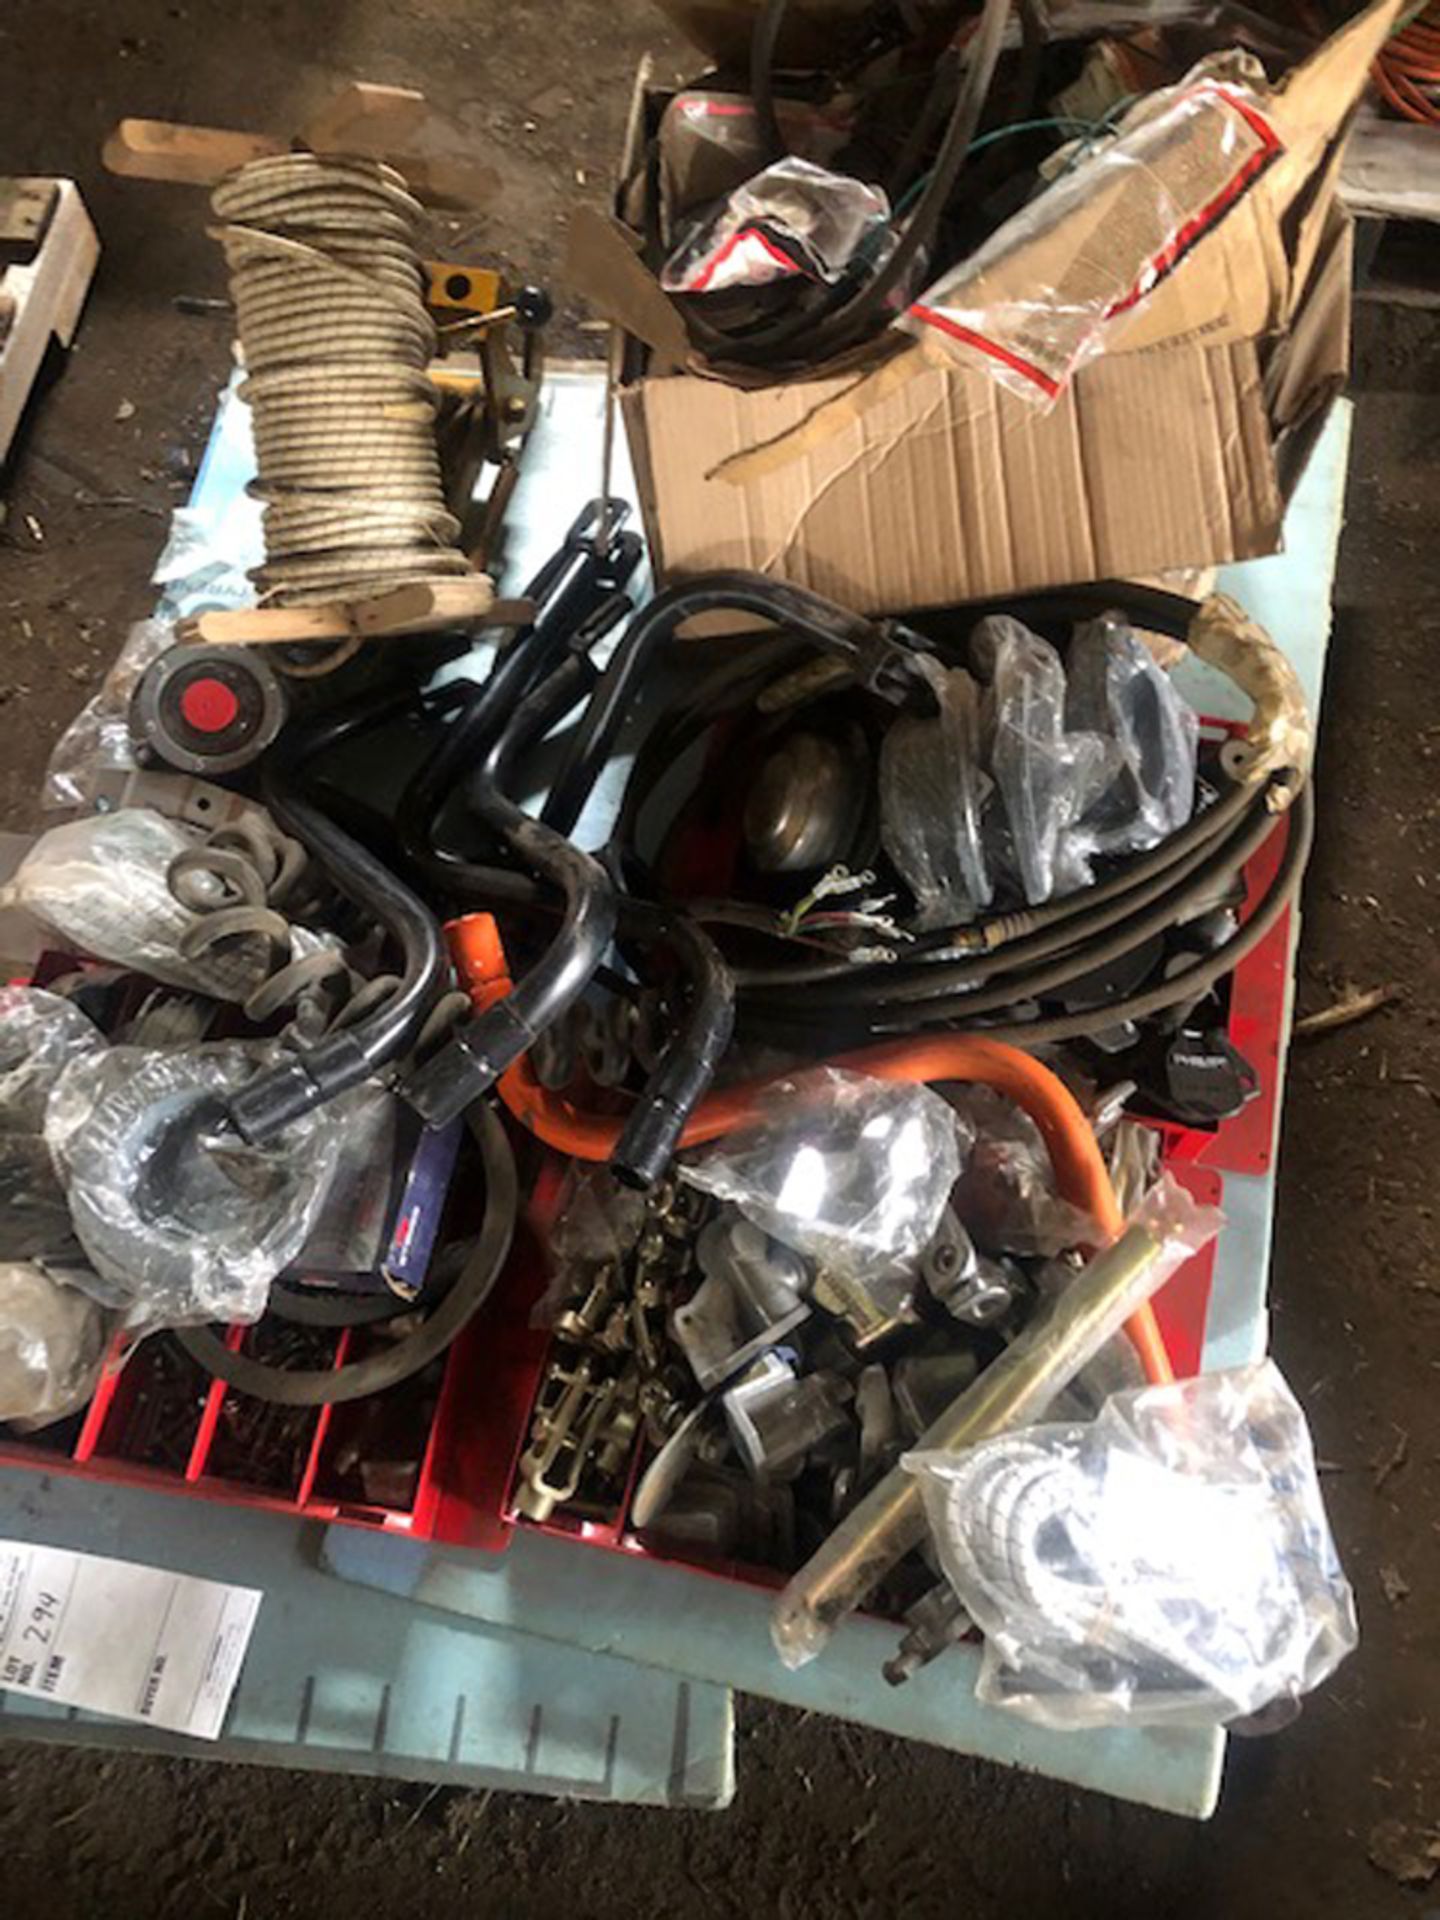 skid of misc. tools, trailer parts, and misc. truck parts
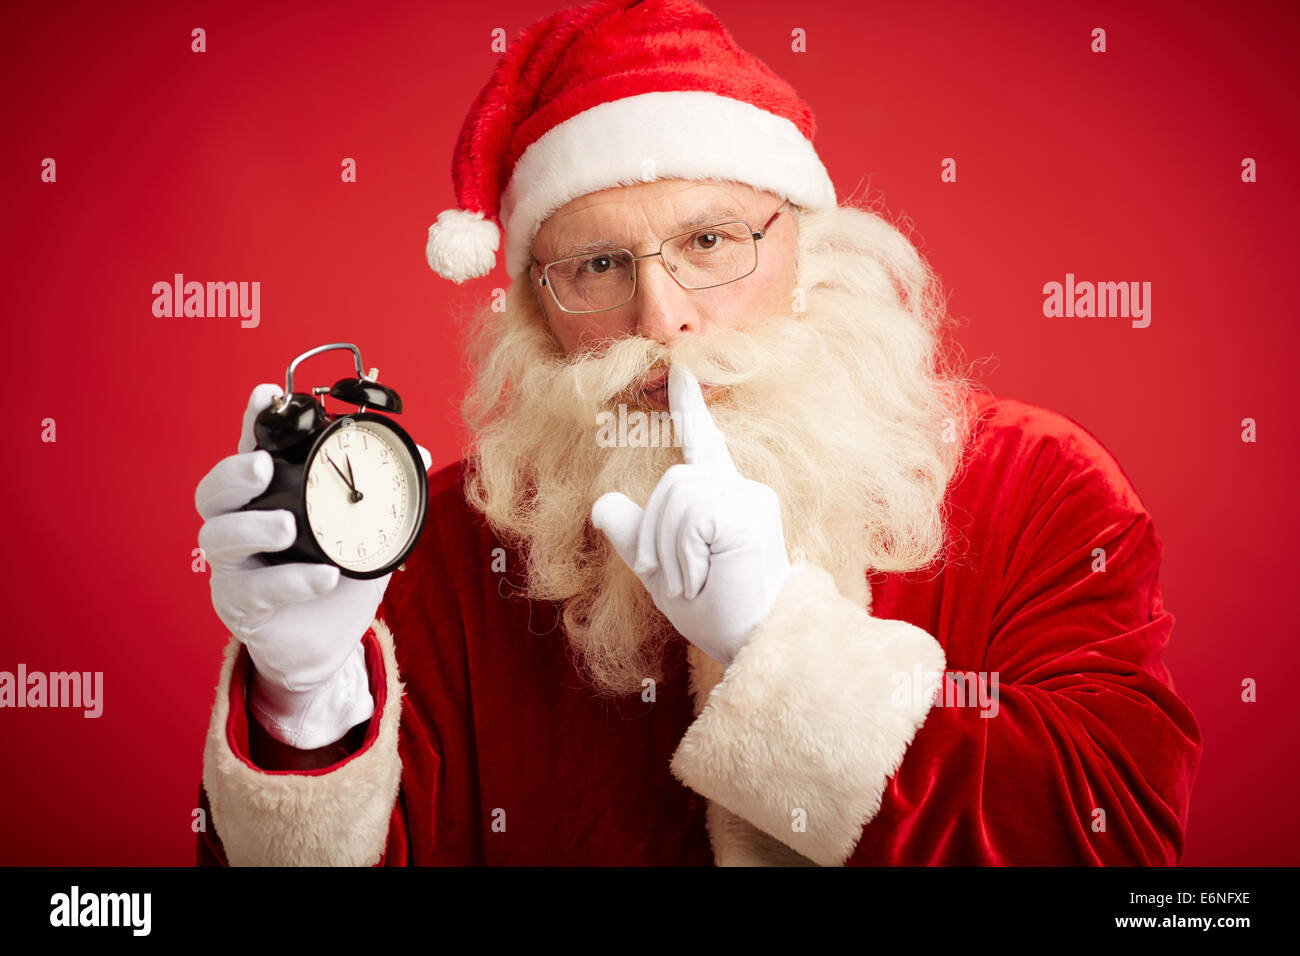 Santa Claus holding clock showing five minutes to midnight and making shhh gesture Stock Photo
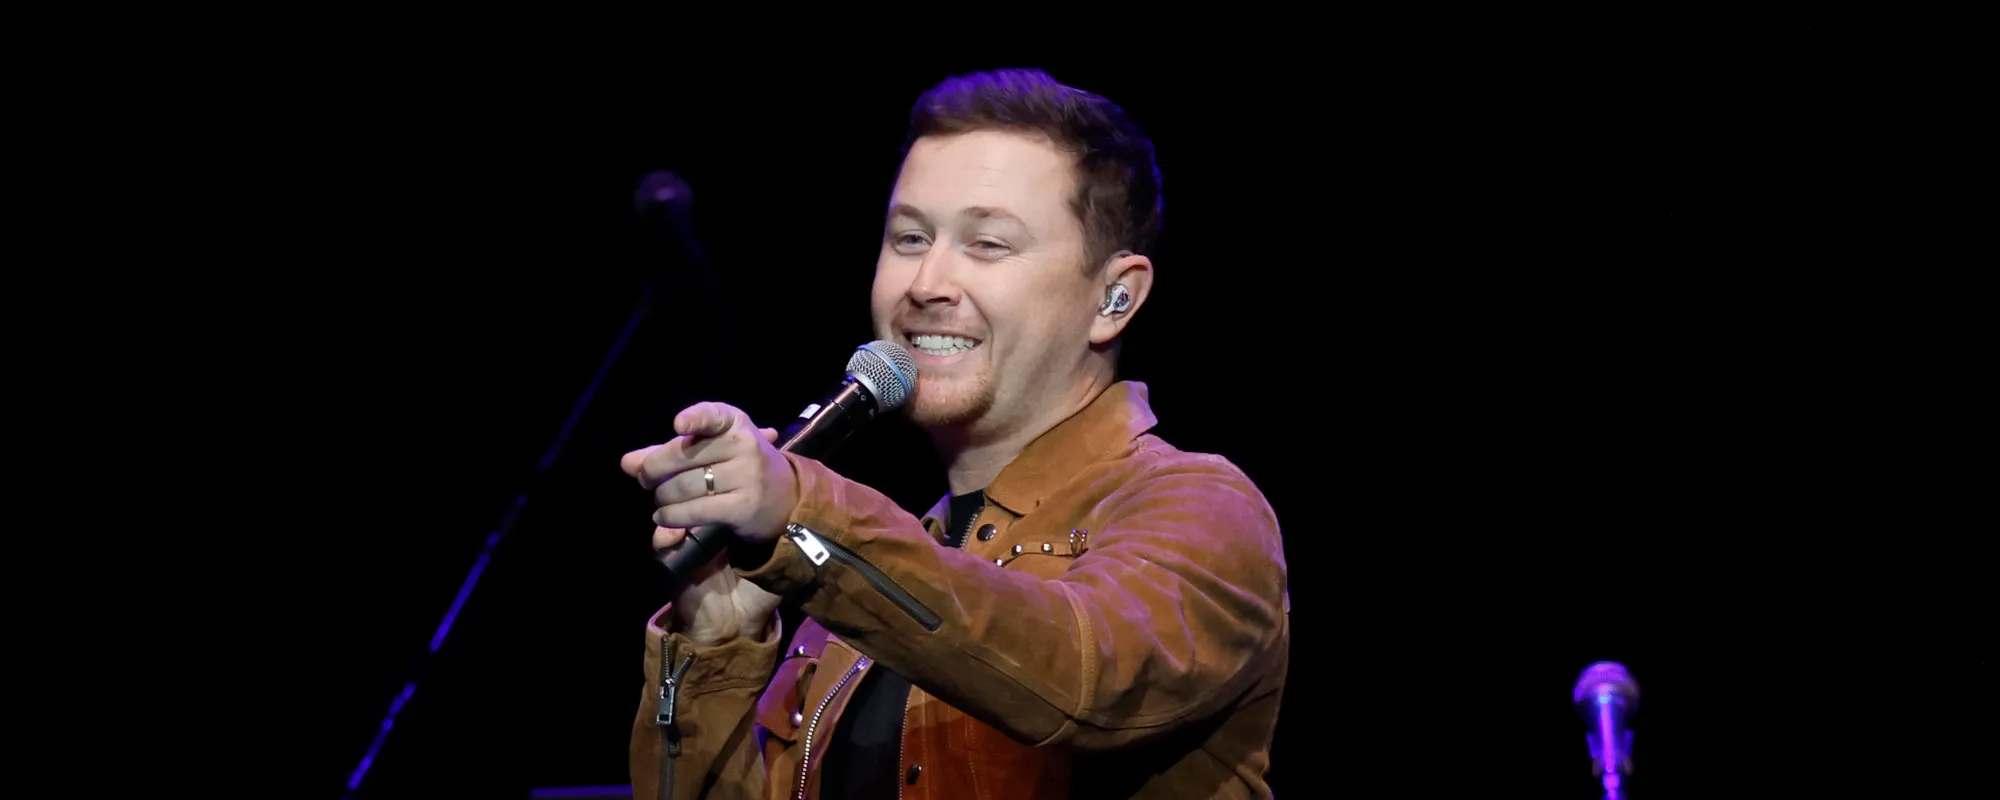 Lainey Wilson, Scotty McCreery Among Performers on Circle Network’s Toys for Tots Series

************

Repeat the whole listing above word for word. Leave out the pictures.

Exercise result:
 skid of misc. tools, trailer parts, and misc. truck parts
 Santa Claus holding clock showing five minutes to midnight and making shhh gesture Stock Photo
 Lainey Wilson, Scotty McCreery Among Performers on Circle Network’s Toys for Tots Series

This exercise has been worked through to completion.